262 F. 121 | 5th Cir. | 1920

WAEKER, Circuit Judge.

The appellee was adjudged bankrupt on January 25, 1917, on a voluntary petition filed by him in a proceeding in which no application for a discharge was filed, and which was closed prior to January 25, 1919; when he filed in the same court another voluntary petition, under which he was again adjudged bankrupt. In 1914 the appellant recovered a judgment against the bankrupt, which was a provable debt against the estate of the bankrupt in each of the bankruptcy proceedings. He objected to the granting of an application for discharge made by the bankrupt in the second proceeding, in so far as that application sought a discharge from the debt evidenced by the judgment mentioned, and prayed that that debt be excluded from the operation of any discharge that might be granted under the application therefor. The court ordered a discharge, from the operation of which the debt owing by the bankrupt to- (he appellant was not excluded.

This court has decided that, under the provision of section 14 of the Bankruptcy Act (Comp. St. § 9598) prescribing the time within which an application for a discharge may be made, a bankrupt, after the expiration of 18 months from adjudication, is not entitled, in a second proceeding, to a discharge from debts provable in the first. In re Bacon, 193 Fed. 34, 113 C. C. A. 358; Bacon v. Buffalo Cold Storage Co., 225 U. S. 701, 32 Sup. Ct. 836, 56 E. Ed. 1264. It appears from the opinion rendered by the District Judge in the instant case (hat the ruling just referred to was not followed, because it was considered to be inconsistent with the ruling of the Supreme Court in the case of Bluthenthal v. Jones, 208 U. S. 64, 28 Sup. Ct. 192, 52 L. Ed. 390. What was decided in the last-cited case was that a debt was not excluded from the operation of a discharge by the fact that in a former *122proceeding, on the same creditor’s objection, a discharge was refused, where that creditor, though notified of the second proceeding and that his same debt was scheduled therein, did not participate in anyway in that proceeding. The ground of that decision was that the creditor lost the benefit, in the second proceeding, of the refusal of a discharge in the first proceeding, by failing to plead it or bring it to the attention of the court in the later proceeding.

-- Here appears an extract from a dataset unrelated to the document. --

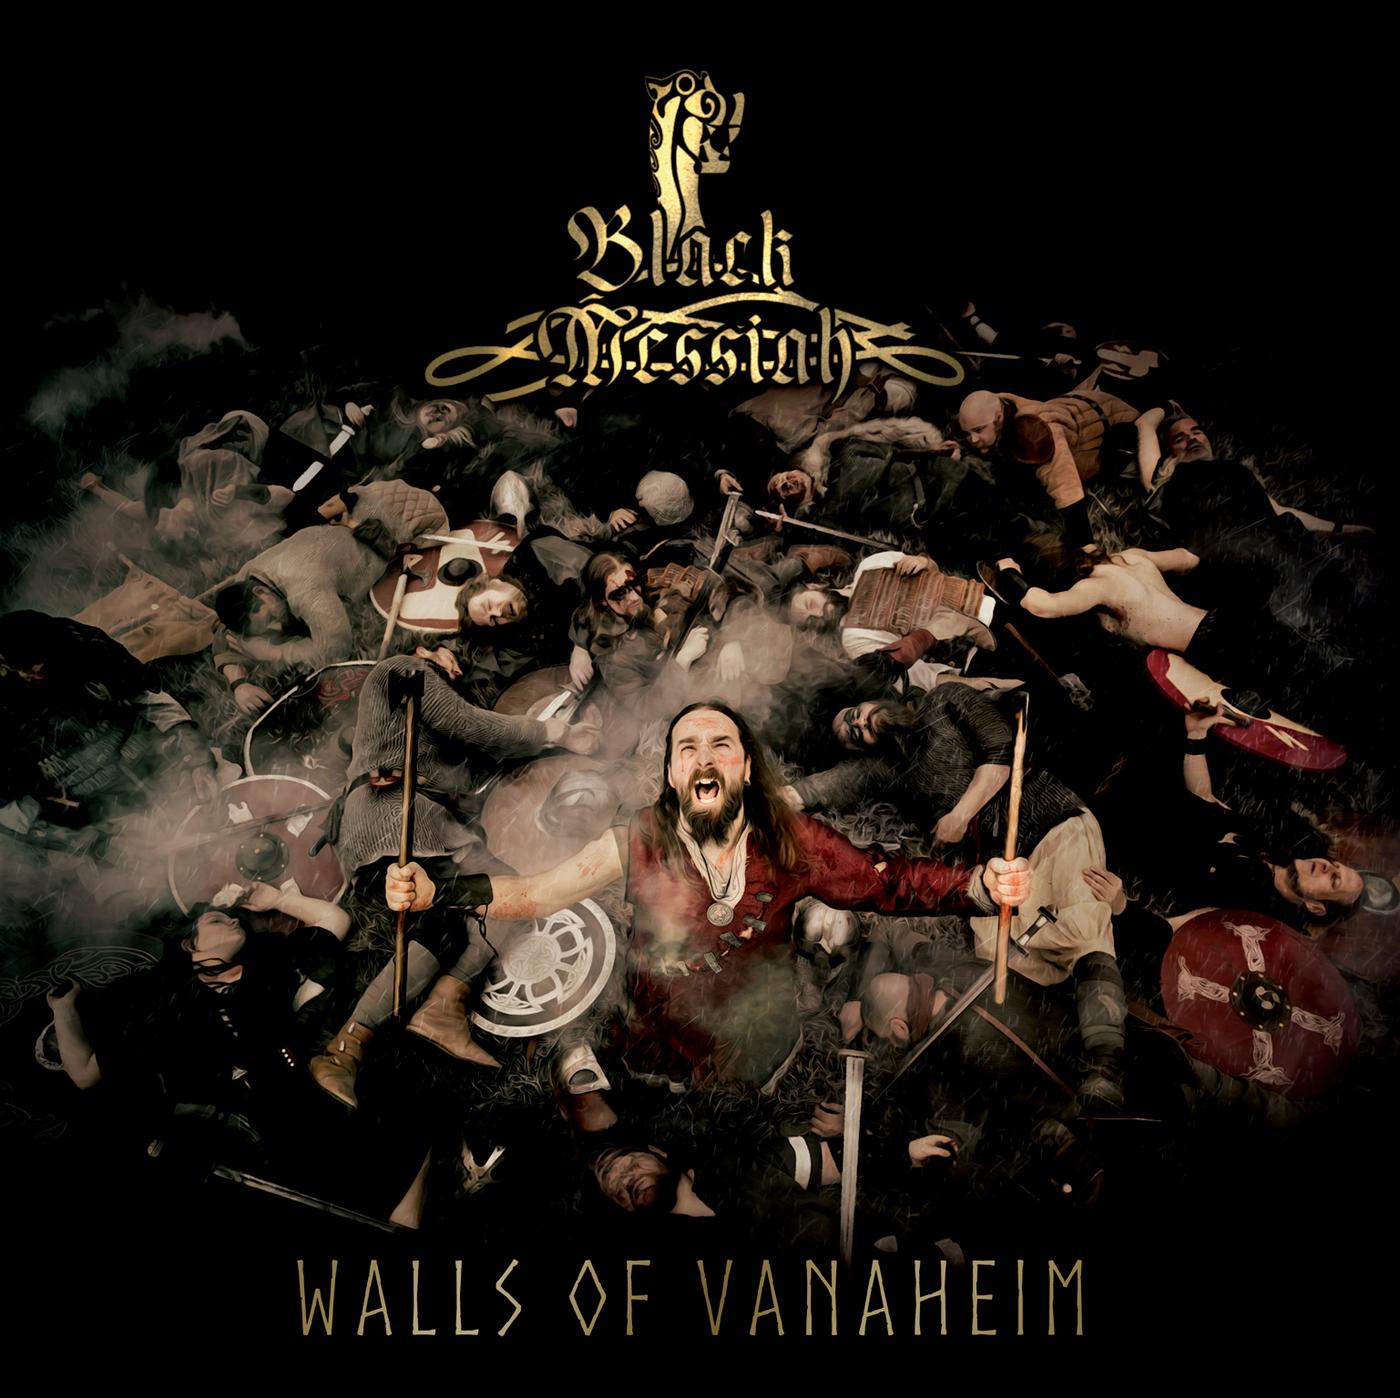 Black Messiah – Walls Of Vanaheim

It was not decided in that case that the creditor did not have a valid ground of objection to the granting of the discharge applied for in the second proceeding. It was decided that the creditor’s debt was. not excluded from the operation of a discharge which was granted without objection from him. The question of the sufficiency of an objection to an application for a discharge, because it was not made within the time prescribed by section 14 of the Bankruptcy Act, was not involved in that case. Nothing said in the opinion rendered in that case indicates that the court had that question in mind. We do not think that the decision in that case is in conflict with the above referred to decision of this court.

We are of the opinion that the ruling in the case of In re Bacon, supra, was correct. Subdivision “a” of section 14 of the Bankruptcy .Act creates a limitation in favor of creditors having debts provable against an estate in bankruptcy. Subdivision “b” of that section prescribes the grounds on which an application for discharge may be refused. There is nothing to indicate that the latter provision was intended to control or supersede the former one. The former provision fixes a period of time beyond which a creditor affected by the bankruptcy is not required to remain prepared to prove the existence of a ground of objection to a discharge of the bankrupt. It well may be inferred that-it was contemplated that an application for a discharge from any debt affected by an adjudication of bankruptcy should be made within the stated period, whether made in the first proceeding in which such debt was provable, or in a subsequent proceeding.

The provision has the effect of preventing a bankrupt from withholding for an unreasonable length of time from creditors affected by the adjudication of bankruptcy the opportunity of proving the existence of a ground justifying a refusal of the discharge applied for. To give to a subsequent adjudication of bankruptcy the effect, of enlarging the time within which a discharge from debts affected by a former adjudication could be applied for would amount to a destruction of the limitation created by the statute. The conclusion is that the court erred in overruling the appellant’s motion to exclude his debt from the operation of the discharge applied for and granted.

Because of that error, the decree is reversed.